A restaurant equipment cleaning crew switched from a pH 12 alkaline degreaser to a citrus d-limonene formulation after a vendor presentation emphasized "green" and "natural" chemistry. Six weeks later, the rubber gaskets on three commercial combi ovens were showing visible swelling and the manufacturer was denying warranty on the door seals. D-limonene is a highly effective solvent degreaser, and it is also an aggressive rubber and elastomer softener. The switch from alkaline to citrus wasn't wrong because citrus degreasers are inferior: it was wrong because no one confirmed rubber compatibility before deployment. That's the first question in degreaser selection, not the last.

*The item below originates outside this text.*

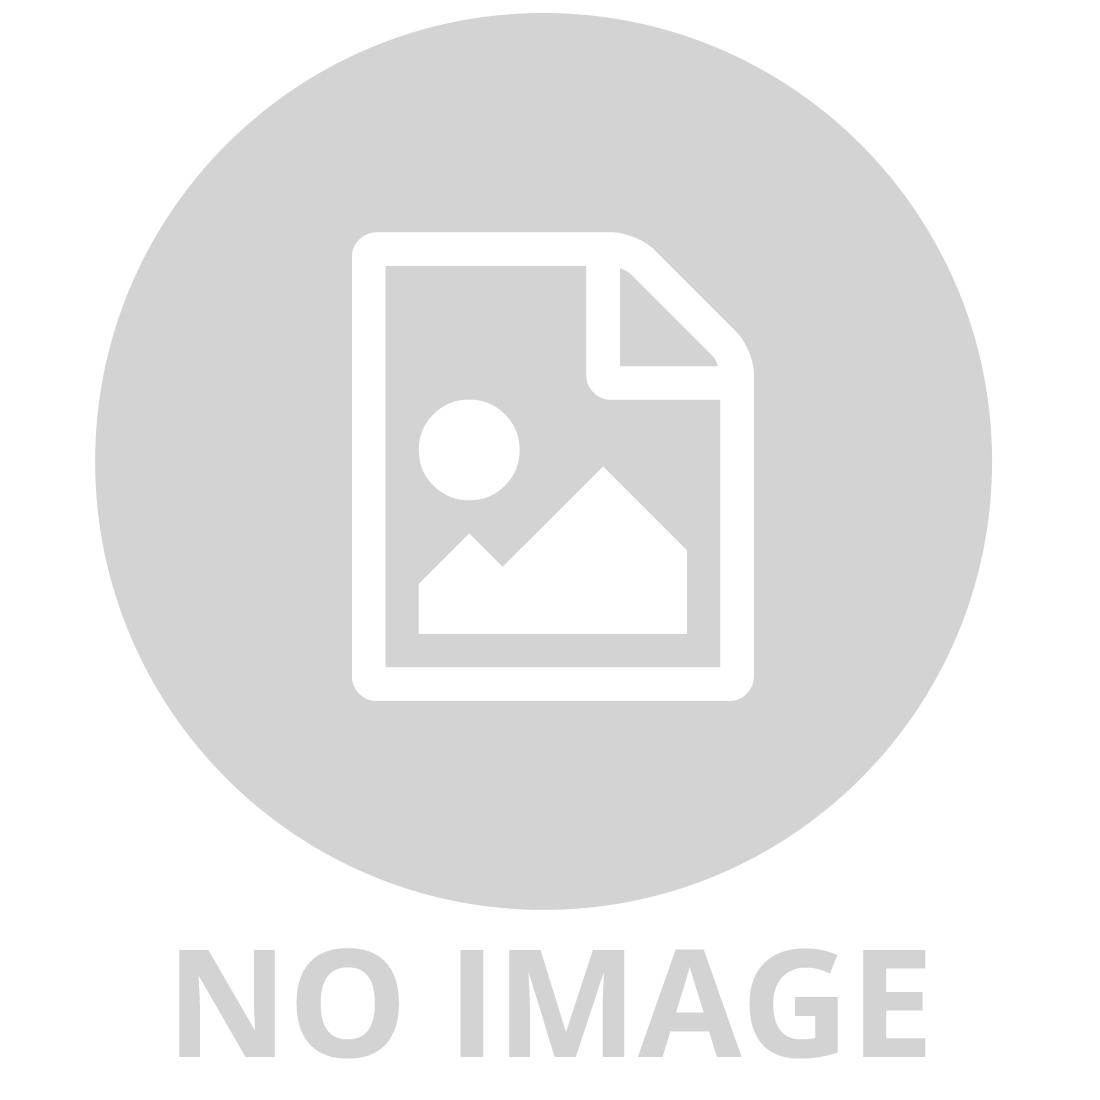 HUMBROL ENAMEL PAINT GLOSS BRUNSWICK GREEN #3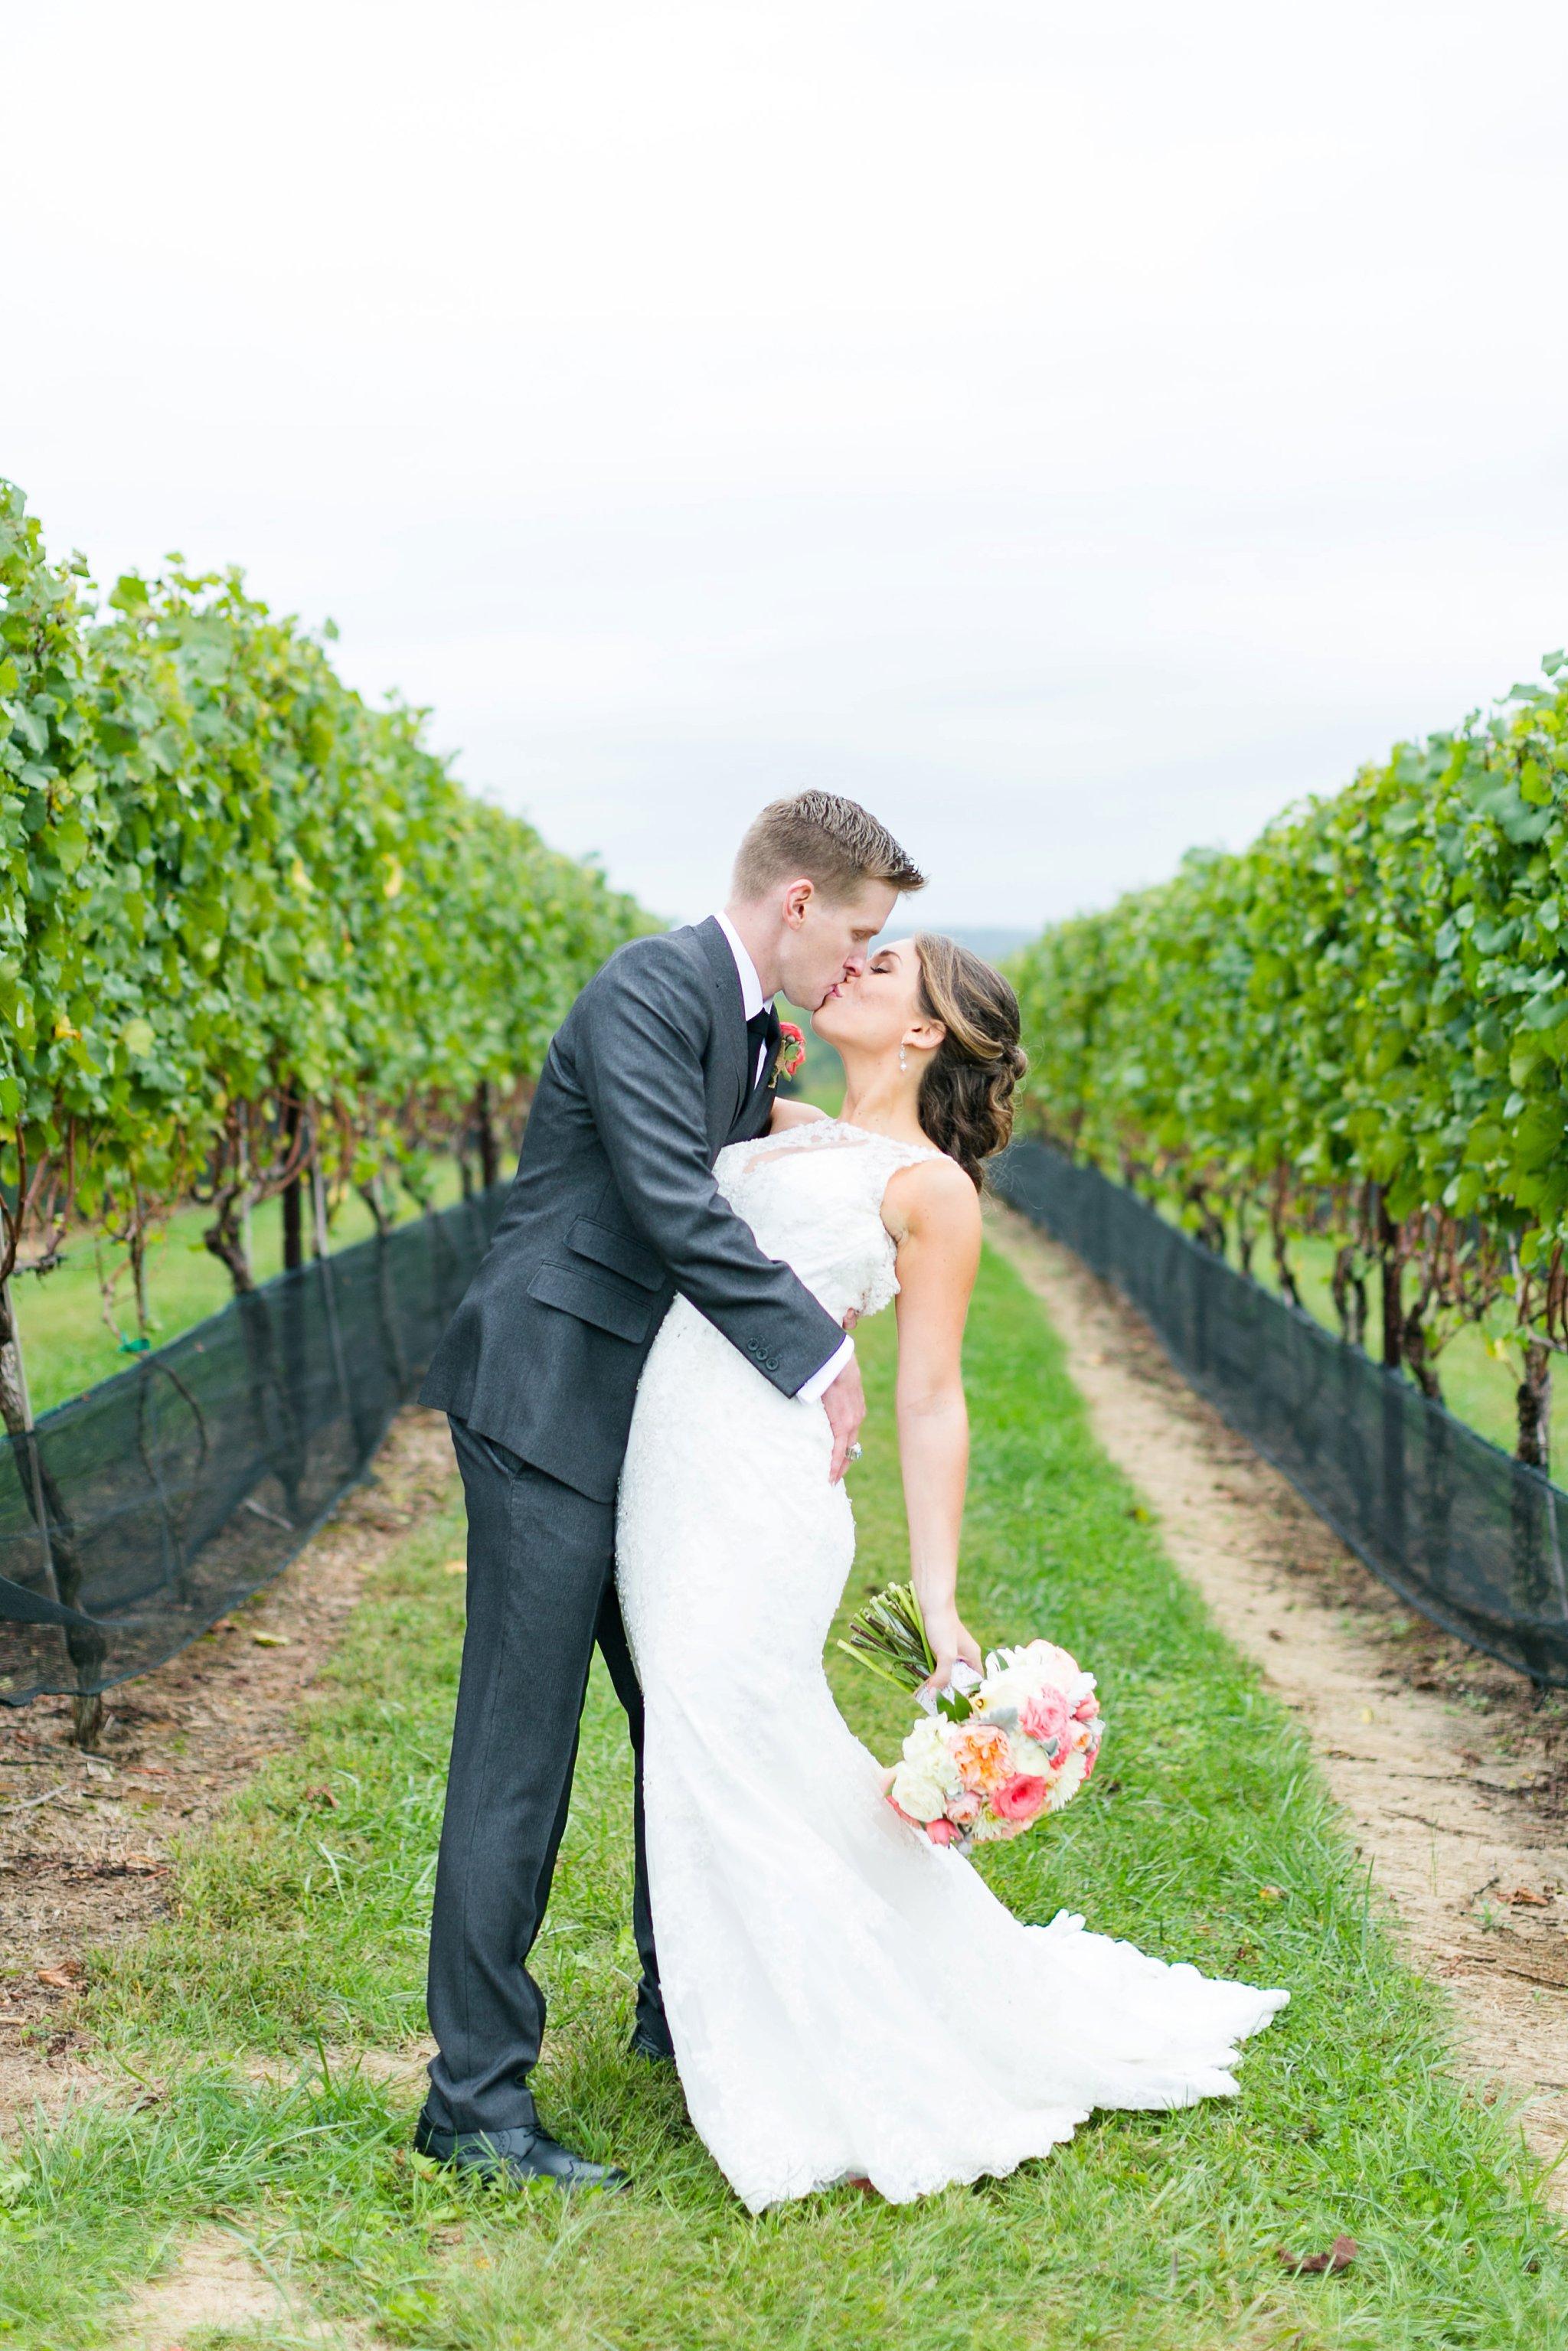 Stone Tower Winery Wedding Photos Virginia Wedding Photographer Megan Kelsey Photography Sam & Angela-216.jpg

How Alkaline and Citrus Degreasers Work
Alkaline degreasers at pH 9 to 13 remove grease and fat through saponification: the alkaline solution reacts with triglycerides (animal fats, cooking oils) to convert them to water-soluble soap and glycerol. This is a chemical transformation, not just dissolution: the fat is actually changed into a different compound that rinses away with water. Saponification is most effective on animal fats and vegetable oils. It is less effective on petroleum-based greases (mineral oils, lubricants) that are not triglycerides and do not saponify readily.
Citrus degreasers rely on d-limonene (a terpene solvent derived from citrus peel) or synthetic citrus-fragrance solvents that act as non-polar solvents. Grease dissolves in the d-limonene phase, and the surfactant system in the formulation then emulsifies the grease-solvent mixture in water for rinsing. This mechanism works on both triglyceride fats and petroleum-based greases, which is why citrus degreasers are effective in industrial and automotive contexts where alkaline chemistry performs poorly. The tradeoff is that d-limonene is itself a VOC in most regulatory frameworks and is aggressive toward rubber, many plastics, and some surface coatings.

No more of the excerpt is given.